Other than that...I dare anyone to try blowing it out with 105's and that ratio. Tried even at 2k and below headspeed for funzies. No dice :bacon

OnTheSnap
07-09-2011, 08:18 PM
Careful. A 4.5 gear ratio and 105's may over stress the tail gear design and strip them in flight. You're at 700e loads now, without the beefy 700e tail gears.

Commodore8888
07-09-2011, 11:58 PM
If I go to run 2.1k+ headspeeds I'll drop down back to stock gears or 105mm blades only. Curious if there are stronger gears that will fit in that tailcase.

Helico-pteron
07-10-2011, 04:16 PM
Even at 2500 HS the tail will blow out during fast tail in maneuvers.

Happened today and that was the fastest I have had it tail in since I bought it. I agree with the OP that 105 tails is the best option here.

OnTheSnap
07-10-2011, 05:15 PM
Even at 2500 HS the tail will blow out during fast tail in maneuvers.

Happened today and that was the fastest I have had it tail in since I bought it. I agree with the OP that 105 tails is the best option here.

Very surprised to hear that you could get it to blow out at 2500 with 95mm.

If you decide to go with 105's I'd be cautious about going faster than 2300. I'd be concerned that you could overload the umbrella gears.

Helico-pteron
07-10-2011, 06:05 PM
No plans to switch up to 105 until I get my gearing sorted.
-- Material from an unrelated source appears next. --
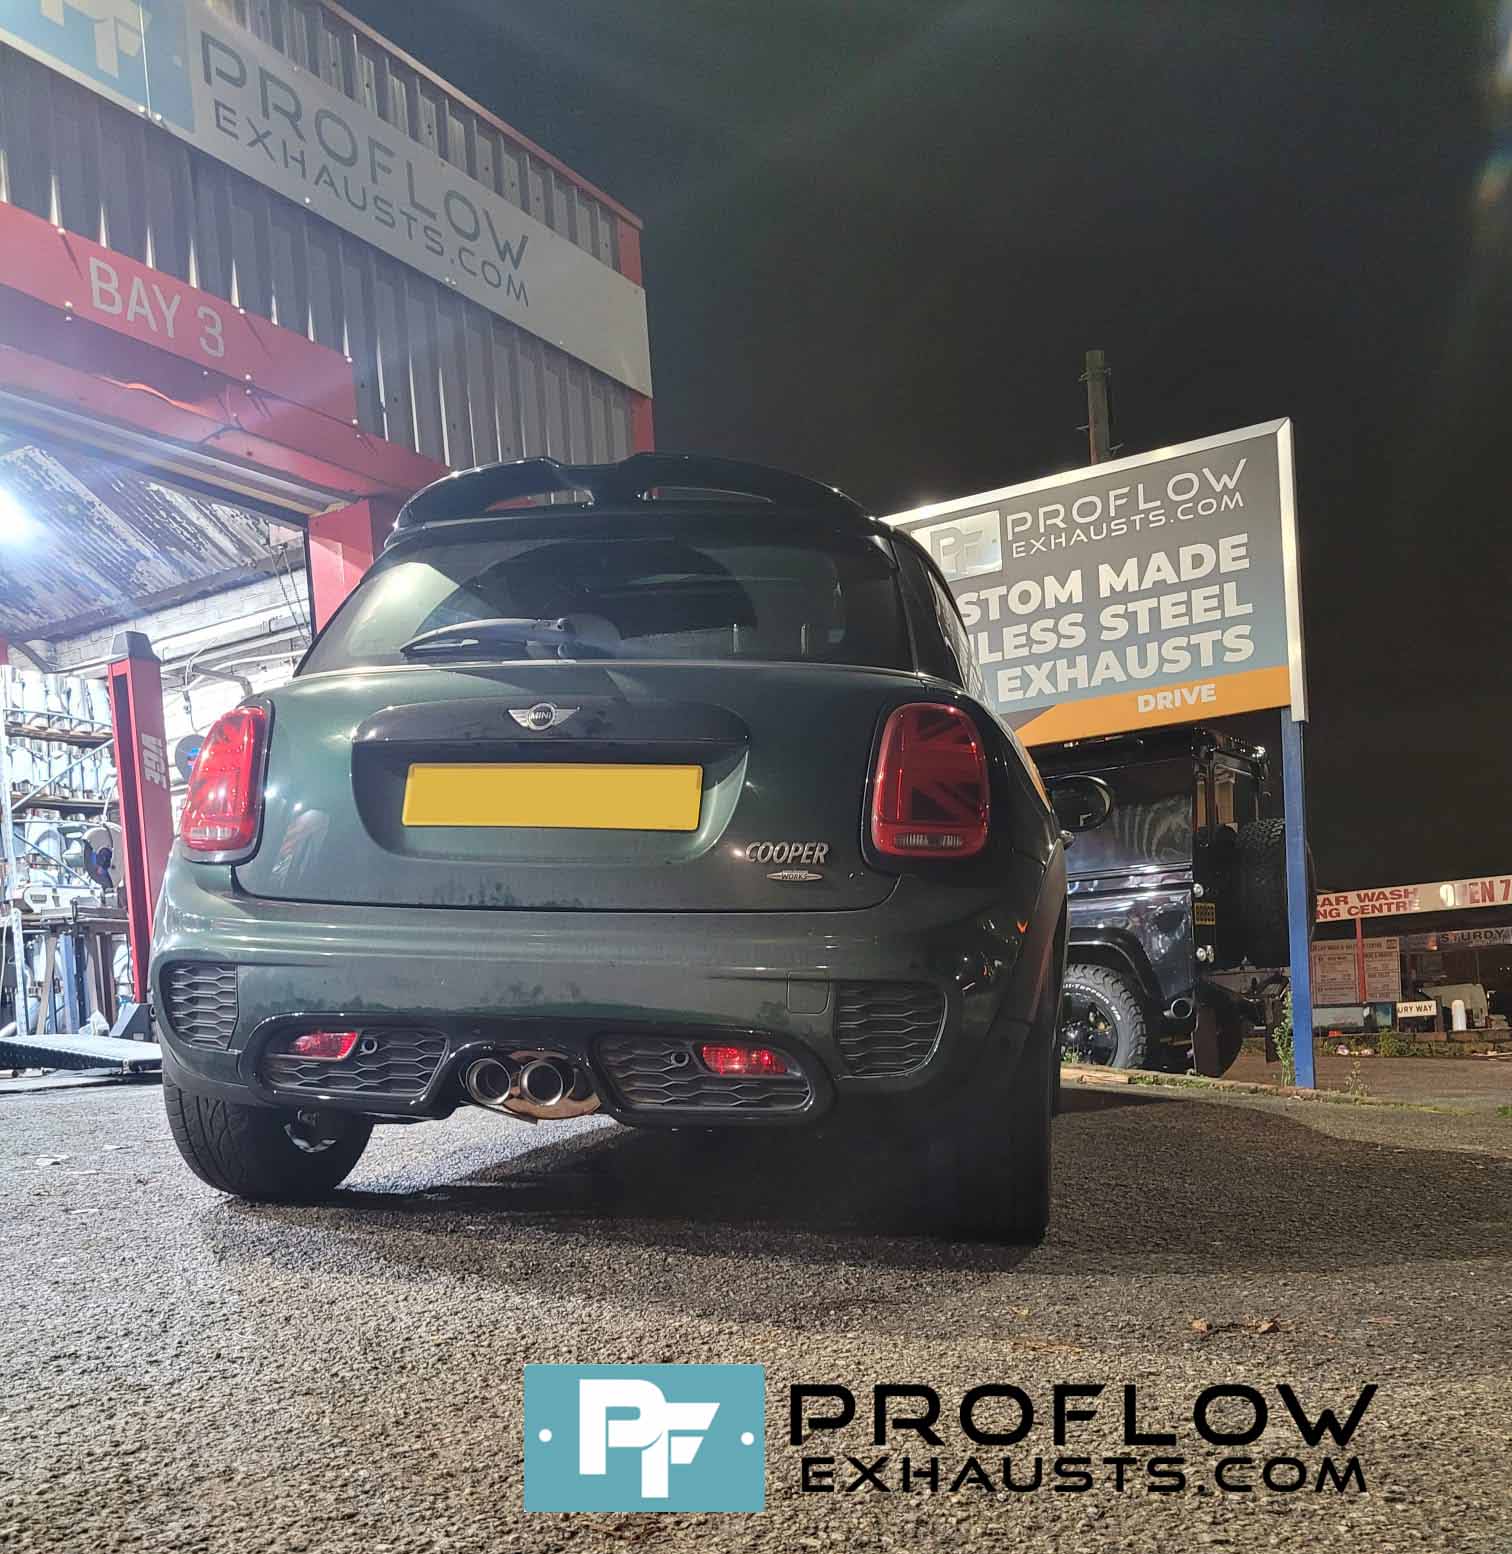 Proflow Exhausts Custom Built Stainless Steel Exhaust Cat Back For Mini Cooper (7)

Even then I mat stay with 95, I just dont fly that extreme.

matchbox
07-10-2011, 11:45 PM
Do you guys that are using the 105 blades, finding that you have to be a little more carefull on auto's, so as not to touch the tail blades on the ground and risk braking the front gears.

Helico-pteron
07-11-2011, 06:18 AM
Do you guys that are using the 105 blades, finding that you have to be a little more carefull on auto's, so as not to touch the tail blades on the ground and risk braking the front gears.

If you want the heli to sit higher, replace the landing struts with standard 700 struts instead of the 700 FC3 struts the kit comes with.

matchbox
07-11-2011, 06:41 AM
Na, i want to keep it as low as stock. I just ment the 105mm tail blade sits as low as the vertical fin and touchs the ground if we are not carefull when landing.

Helico-pteron
07-11-2011, 07:37 AM
Na, i want to keep it as low as stock. I just ment the 105mm tail blade sits as low as the vertical fin and touchs the ground if we are not carefull when landing.

Put a 700 fin on then...

matchbox
07-11-2011, 07:43 AM
Thats another option! Might have to order one.